Journée d’études organisée dans le cadre du cours universitaire « Sociality and Subjectivity » de la Faculté des humanités de l’Université Charles de Prague, programme Erasmus Master Mundus EuroPhilosophie, et dans le cadre du projet de recherche « Relevance of the Subjectivity » de l’Académie des sciences de la République tchèque mené à bien par le département de philosophie continentale contemporaine de l’Institut de philosophie.
Lieu de la journée d’études : Academical Conference Center, Husova 1, Prague 1
Dates : 23 avril 2013 de 16 à 18 heures et 24 avril 2013 de 9.30 à 19 heures
Argumentaire
Le projet philosophique de Levinas peut être caractérisé dans son ensemble comme une phénoménologie de la socialité. Socialité qui, en tant que non-indifférence originaire – ou plus précisément anarchique – du sujet à l’altérité d‘autrui, est à distinguer du social au sens courant du terme, avec ses lois et ses institutions qui supposent l’autonomie de chacun, la liberté, l’égalité, la tradition, l’Etat.Or, anarchique ne veut en aucune façon dire anarchiste puisque tout l’effort de l’utopie levinassienne de l’humain (l’utopie ne signifiant pas un autre lieu possible, mais un non-lieu) consiste précisément, tout en prenant acte de l’effectivité de l’écart entre éthique et justice, à penser cette socialité anarchique d’une certaine façon dans le social rationnel (qui implique l’Etat comme l’une de ses formes universelles), en d’autres termes, à la penser „au-delà du social dans le social“. Qu’autrui soit toujours le premier venu ne signifie pas qu’il ne soit pas „impliqué depuis longtemps dans le tissu de mes relations sociales“ (Autrement qu’être, Le Livre de Poche, p. 138).Car ne pas chercher à articuler la socialité anarchique avec le social, bien que cela ne puisse se faire qu’au prix d’une trahison, et Levinas le dit lui-même, serait frôler le nihilisme (cf. Humanisme de l’autre homme, Le Livre de Poche, p. 123). Et, inversement, ramener toute socialité au social signifierait annuler le beau risque de l’infini anarchique, d’où la critique lévinassienne des sciences humaines.

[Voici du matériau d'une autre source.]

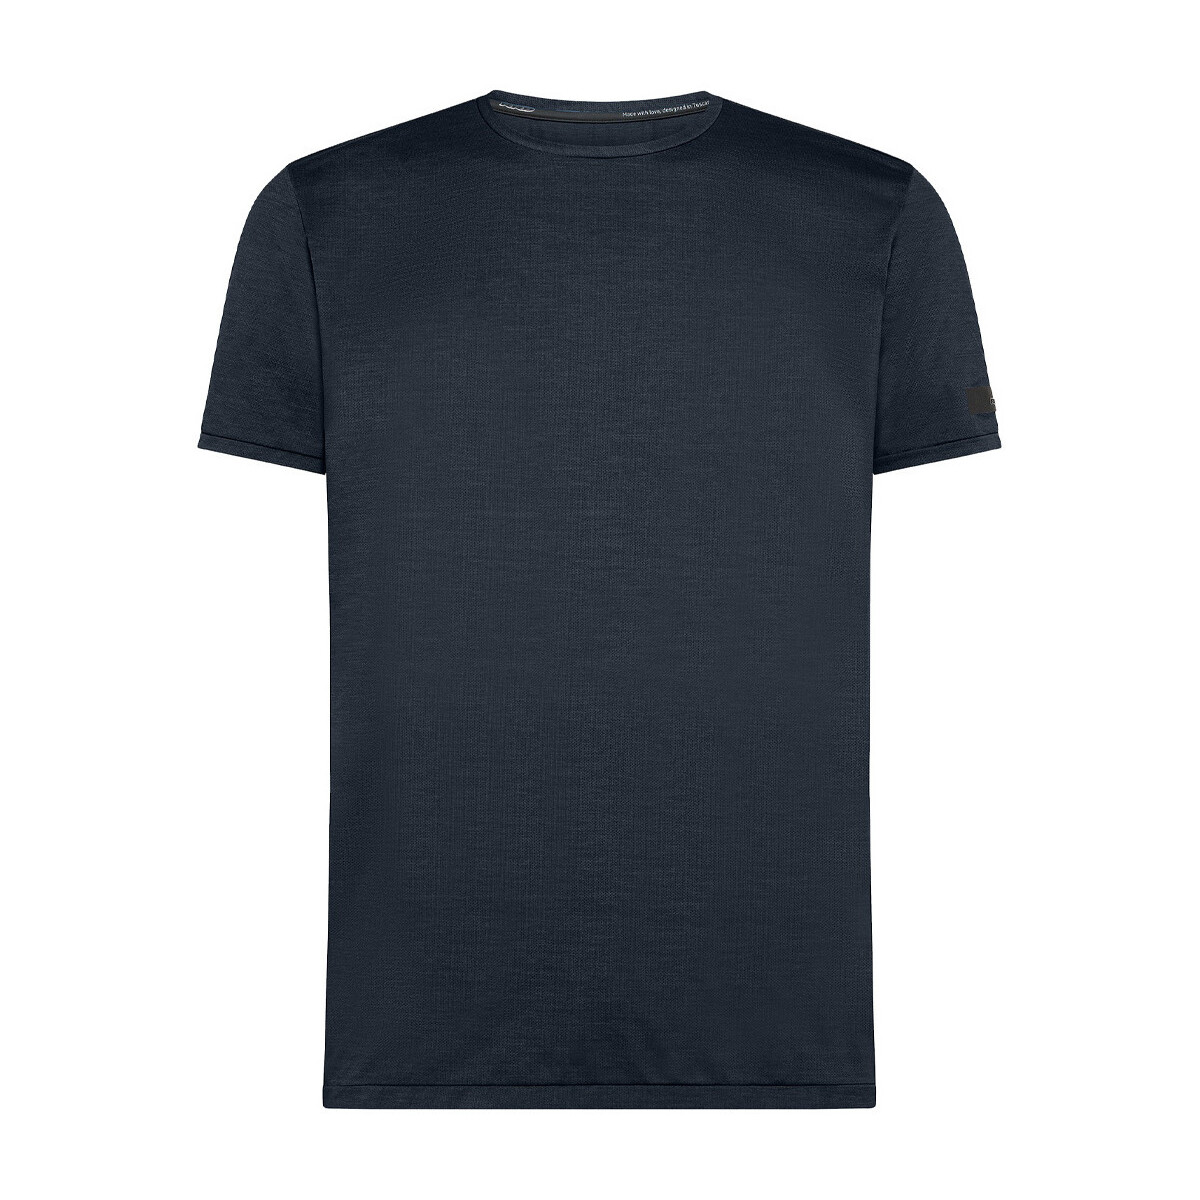 Vêtements Homme T-shirts manches courtes Rrd - Roberto Ricci Designs 24215-60 Bleu
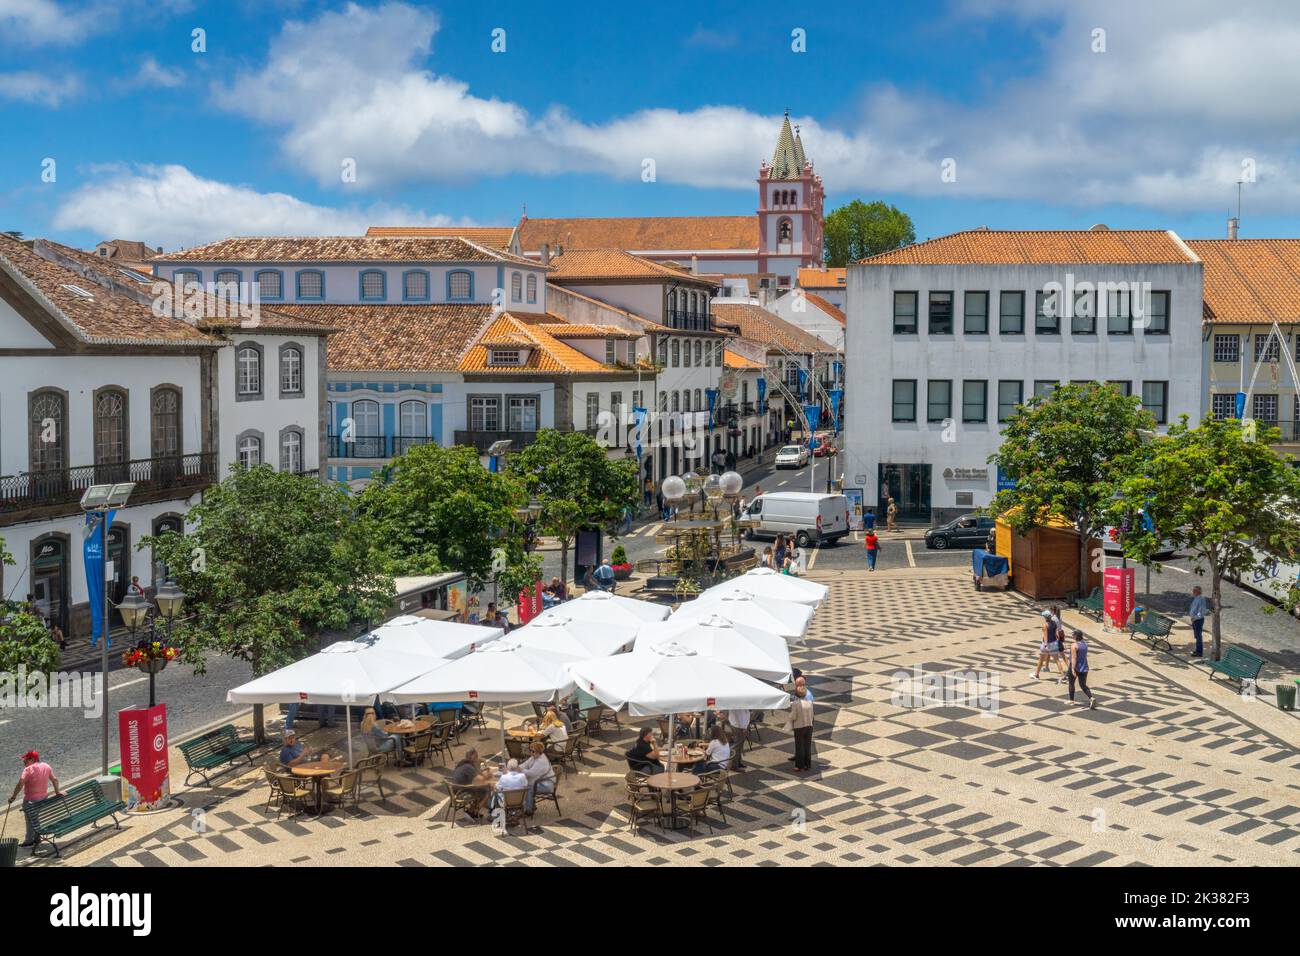 La place centrale connue sous le nom de Praca Velha avec des cafés en plein air dans le centre historique de la ville d'Angra do Heroismo, l'île de Terceira, les Açores, le Portugal. Banque D'Images

Il semblerait donc qu’il faille à la fois tenir cette dichotomie et la dépasser. Ainsi pouvons-nous nous demander: l’affirmation et le dépassement de cette dichotomie se fait-il au même niveau, sur le même plan? À quel moment intervient la philosophie et en quoi son approche de la socialité diffère-t-elle de celle des sciences humaines ou de la littérature, par exemple? Existe-t-il une solitude (cf. l’authenticité du Dasein heideggerien) qui précède toute socialité? Puis, au niveau de la socialité, peut-on envisager différents „degrés“ de socialité à partir de la „socialité à deux“ (Le Temps et l’Autre, PUF, p. 14), en passant par l’entrée du Tiers, la fraternité, la communauté, la collectivité, l’Etat, le genre humain, jusqu’à l’indifférence et la neutralité du social – ce „quelque chose de plus que la somme des individus et supérieure à l’individu“ (De l’existence à l’existant, Vrin, p. 161) – tel que le conçoit la sociologie? Qu’apporte à cette question des „degrés“ de socialité une attention toute particulière au phénomène érotique chez Levinas et dans la nouvelle phénoménologie en France? Et, enfin, cette socialité „qui est plus que l’humain“ (Altérité et transcendance, Le Livre de Poche, p. 108 et ss.) est-elle exclusivement humaine?